Zac Brown Band, “Sweet Annie” (Brown, Durrette, Sonia Leigh, John Pierce)
“There was a girl named Annie, and I hung out with her for a while. I was kind of road weary and just needed some comfort, needed the world to slow down a little bit and I needed to slow down myself. It’s really about being on the road and being beat up and, at the same time, living your dreams [while] knowing you need to slow your roll a little bit. I wanted that old-school vibe to it. Probably sonically, it’s my favorite song they’ve ever done. Annie and I hung out for a while, but it was an introspective song more than anything else.”
Zac Brown Band, “Quiet Your Mind” (Durrette, Brown)
“That first verse, I was out in the ocean with my whole family. I was holding my son and I just started humming the song. It was one of those days that you didn’t want to end. I remember the sound of the waves, and I’ll never forget my son was like, ‘Are you writing a song right now, daddy?’ He was just old enough at that point to figure out what I was doing. That song is about taking that moment and enjoying everything, whether it’s enjoying the band or your family or holding your child, because you never know when it’s all going to end in any facet of your life. It’s about soaking it all in and appreciating it and not taking any of it for granted.”
Zac Brown Band, “Toes” (Brown, Durrette, John Driskell Hopkins, Shawn Mullins)

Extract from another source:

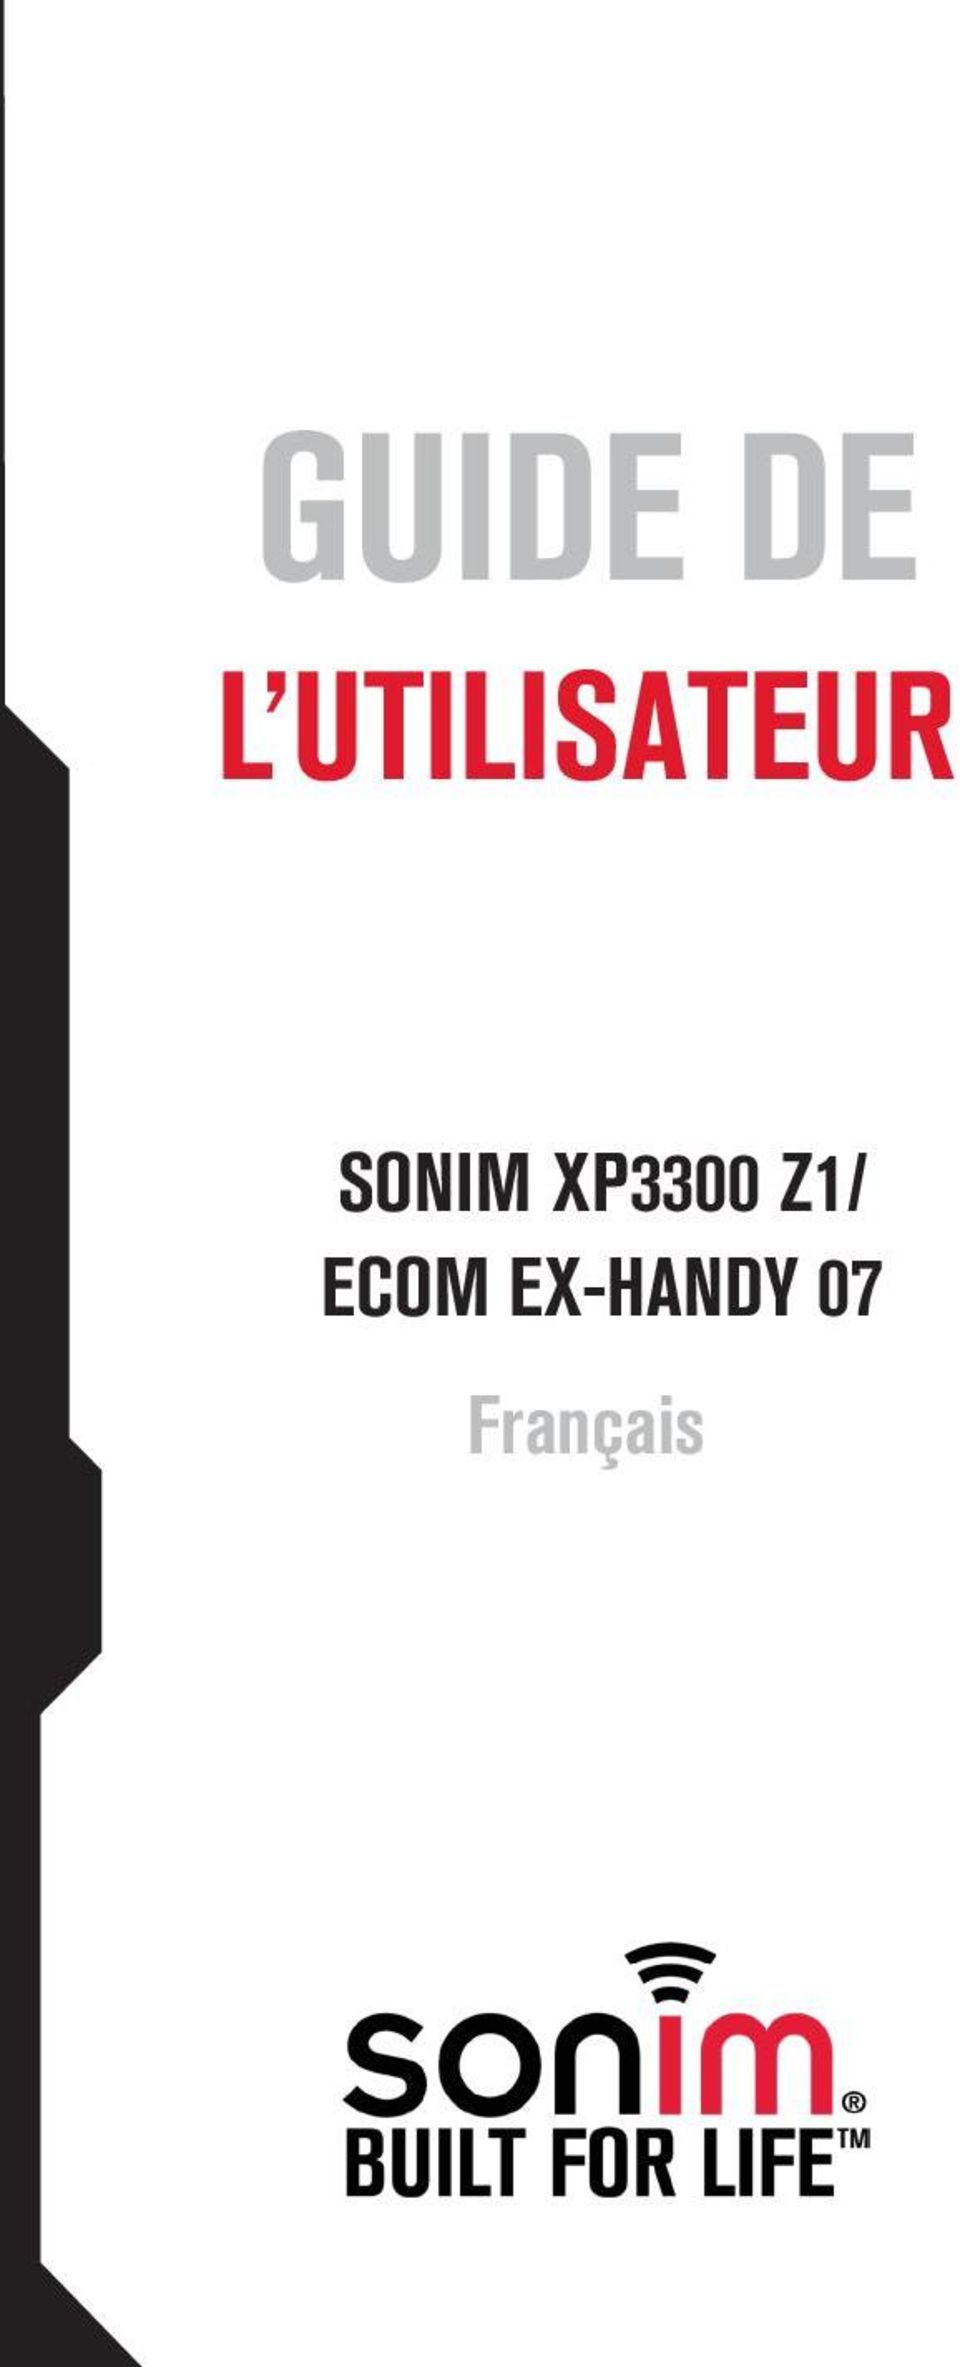 SONIM XP3300 Z1/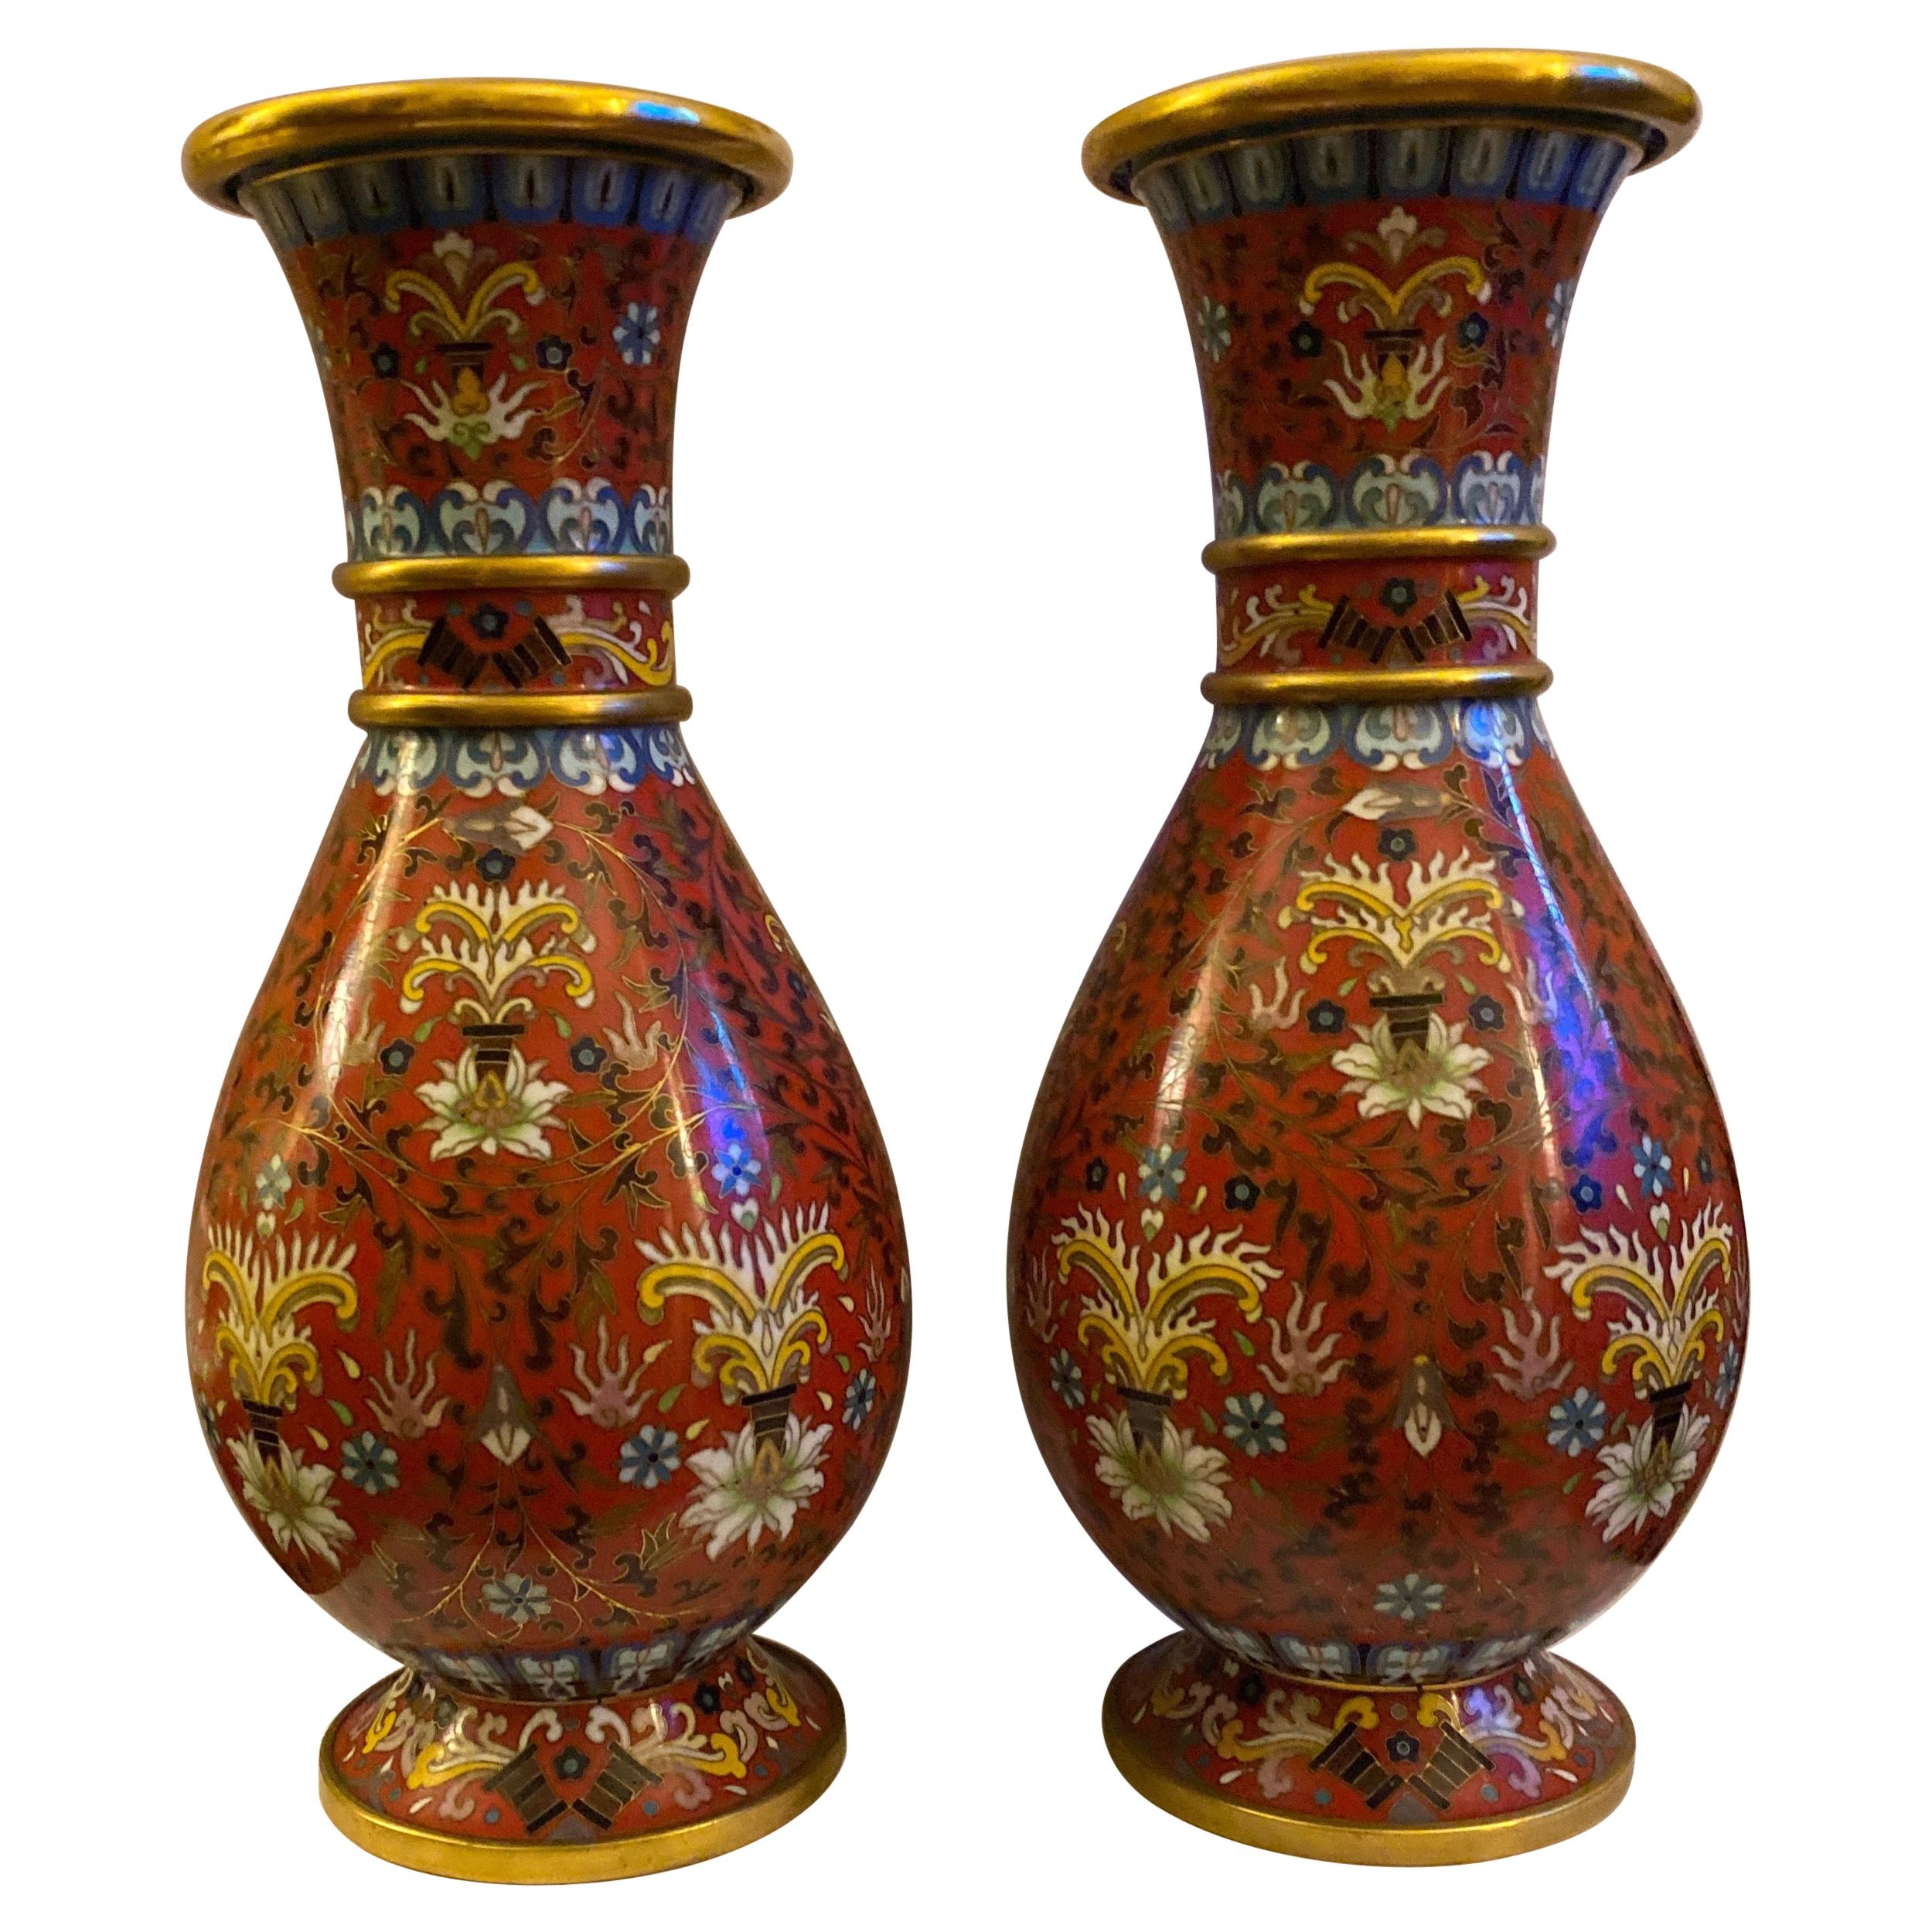 Paar vergoldete Vasen mit Cloisonné-Emaille

“It was my 30th birthday in Key West, and we’d been partying way too hard and having way too much fun. About six in the morning, we were sitting on the beach and we were doing exactly as the song said — I had my toes in the water and my ass in the sand. The words just kind of came out and I started humming them, and my buddies looked at me and said, ‘That’s good, you better write that down.’ I called Zac at six in the morning and woke him up because I knew I wouldn’t remember. I sang it to him real fast. That’s very Buffet-esque. [Jimmy] Buffett is one of my biggest influences as a writer. His brand of escapism I really love, and I was kind of totally coming from his world, for sure.”
Zac Brown Band, “Goodbye In Her Eyes” (Brown, Durrette, Leigh)
“I was seeing a girl at the time and it was nearing the end of the relationship…. We had a talk and you could tell it was ending. And I literally could see it in her eyes that it was over, and she didn’t really care anymore. Almost immediately, I sat down and wrote down those words: ‘Goodbye in her eyes, goodbye in her eyes.’ A lot of times, the things that hit you the hardest end up being the best songs because it just digs deep.”